Among them, D(x,y) is the distance from the foreground pixel to the nearest background pixel, x_b, and x_b are the horizontal and vertical coordinates of the image, respectively, and B is the set of background pixels. Watershed segmentation is performed on the image with the following formula:

$$DL(x,y)={\text{arg}}\mathop{min}\limits_{l}{\int }_{{R}_{l}}||{\nabla }D(x,y)||dxdy$$

(9)

Among them, R_l is the region corresponding to the watershed marker and \(\Vert \nabla D(x,y)\Vert\) is the gradient of the distance map.

Environment configuration

For proper operation of the dynamic range extension Retinex with multi-stage watershed splitting, the following environment configurations will be set for the experiments in order to accurately extract the ancient ceramic decorations. The experimental configuration includes four parts: image resolution, hardware configuration, software configuration, and software parameters. The detailed environment configuration is shown in Table 1 experimentally relevant parameters and parameter values.

Table 1 Experimentally relevant covariates and covariate values

The resolution of the image used in this paper is 5760px × 3840px, requiring larger memory and computational resources to run the image. The running environment is MATLAB, software integrated with powerful functions such as numerical analysis, matrix calculation, and scientific data visualization, mainly used in the fields of data analysis, image processing, and signal processing²³. Origin is a plotting, data analysis software to support a variety of 2D or 3D graphics. In this experiment, the required images and data were acquired by running and debugging the code in MATLAB, transferring the obtained images and data to Origin for visualization, drawing the effect diagram, and more intuitively obtaining the results after dynamic range extension, Retinex and multi-stage watershed segmentation processing.

Evaluation indicators

In order to ensure the accuracy of the experimental results, four enhancement metrics²⁴, namely PSNR, SSIM, RMSE, IFC, and four segmentation metrics²⁵, namely Accuracy, Precision, Recall, and F1-Score, are used to comprehensively evaluate the experimental results.

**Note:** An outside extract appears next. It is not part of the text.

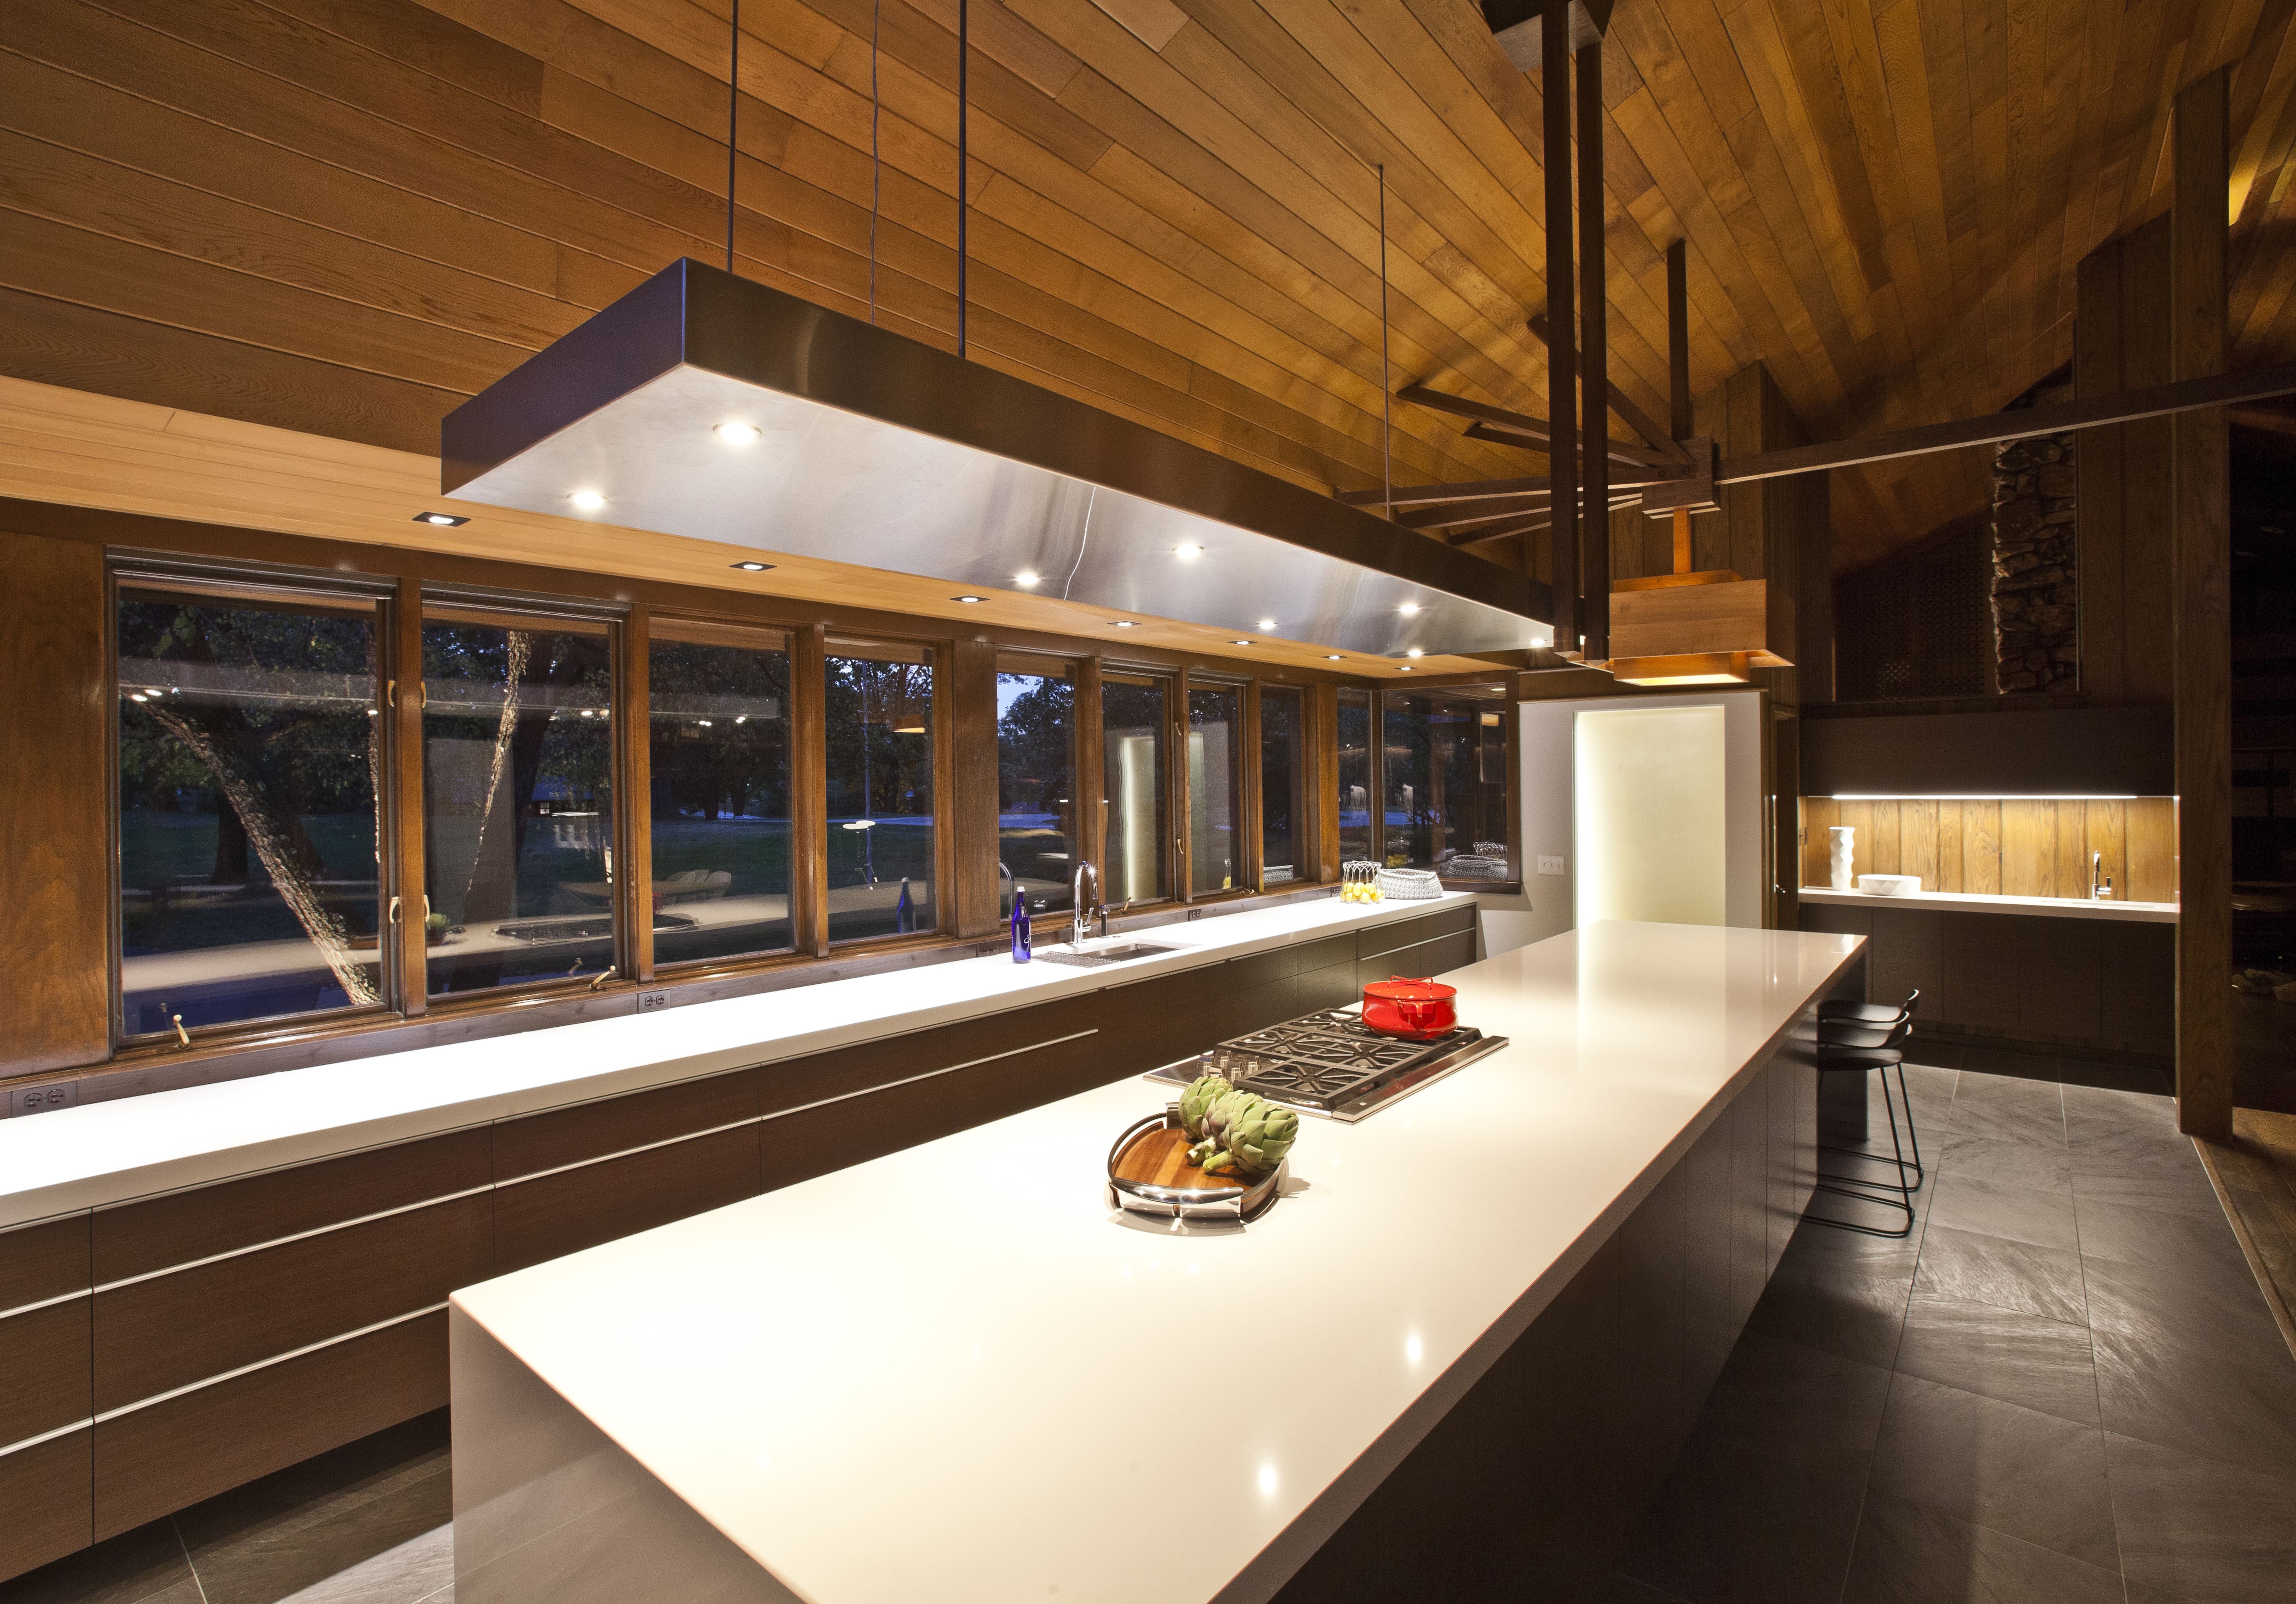 Island lighting detail showing the nighttime experience of this custom kitchen designed by interior designer, RM Interiors of Cincinnati, Oh.

Enhancement of evaluation indicators: PSNR is a metric used to measure the quality of an image by comparing the difference between the enhanced image and the original image. A higher value of PSNR indicates a higher-quality image. SSIM is a measure of the similarity of two images. It takes into account the brightness, contrast and structural information of an image and is a more comprehensive metric for image quality assessment. RMSE is a measure of the image enhancement error. By calculating the RMSE between the original image and the enhanced image, a smaller RMSE indicates a smaller error. IFC is a measure of the ability of an image enhancement method to retain the original image information during processing, with higher values indicating more retained information and better image enhancement. The formula is as follows:

$$PSNR=10\cdot \,\log \,10\left(\frac{MA{X}_{I}^{2}}{MSE}\right)$$

(10)

$$SSIM\,(x,y)=\frac{(2\mu x\mu y+c1)(2\sigma xy+c2)}{({\mu }_{x}^{2}+{\mu }_{y}^{2}+c1)({\sigma }_{x}^{2}+{\sigma }_{y}^{2}+c2)}$$

(11)

$$RMSE=\sqrt{\frac{1}{M\times N}\mathop{\sum }\limits_{i=1}^{M}\mathop{\sum }\limits_{j=1}^{N}{(g(i,j)f(i,j))}^{2}}$$

(12)

$$IFC(I,K)=\frac{I(I;K)}{I(I;K)+I(N;K)}$$

(13)

Among them, MAX_I is the maximum of the pixel values of the image and MSE is the mean square error between the images. \(\mu x\) and \(\mu y\) denote the mean of x and y, respectively, \({\sigma }_{x}^{2}\) and \({\sigma }_{y}^{2}\) denote the variance of x and y, respectively, \(\sigma xy\) denotes the covariance between x and y, and c₁ and c₂ are constants used to stabilize the division operation: c₁ = (K₁L)², c₂ = (K₂L)². Usually, K₁ = 0.01 and K₂ = 0.03. L is the dynamic range of the pixel value. M, N denote the length and width of the image, g(i,j) and f(i,j) denote the enhanced image and the original image, respectively. I is the original image, K is a distorted image, N is the noise image, I(I; K) and I(K; I) denote the mutual information between I and K.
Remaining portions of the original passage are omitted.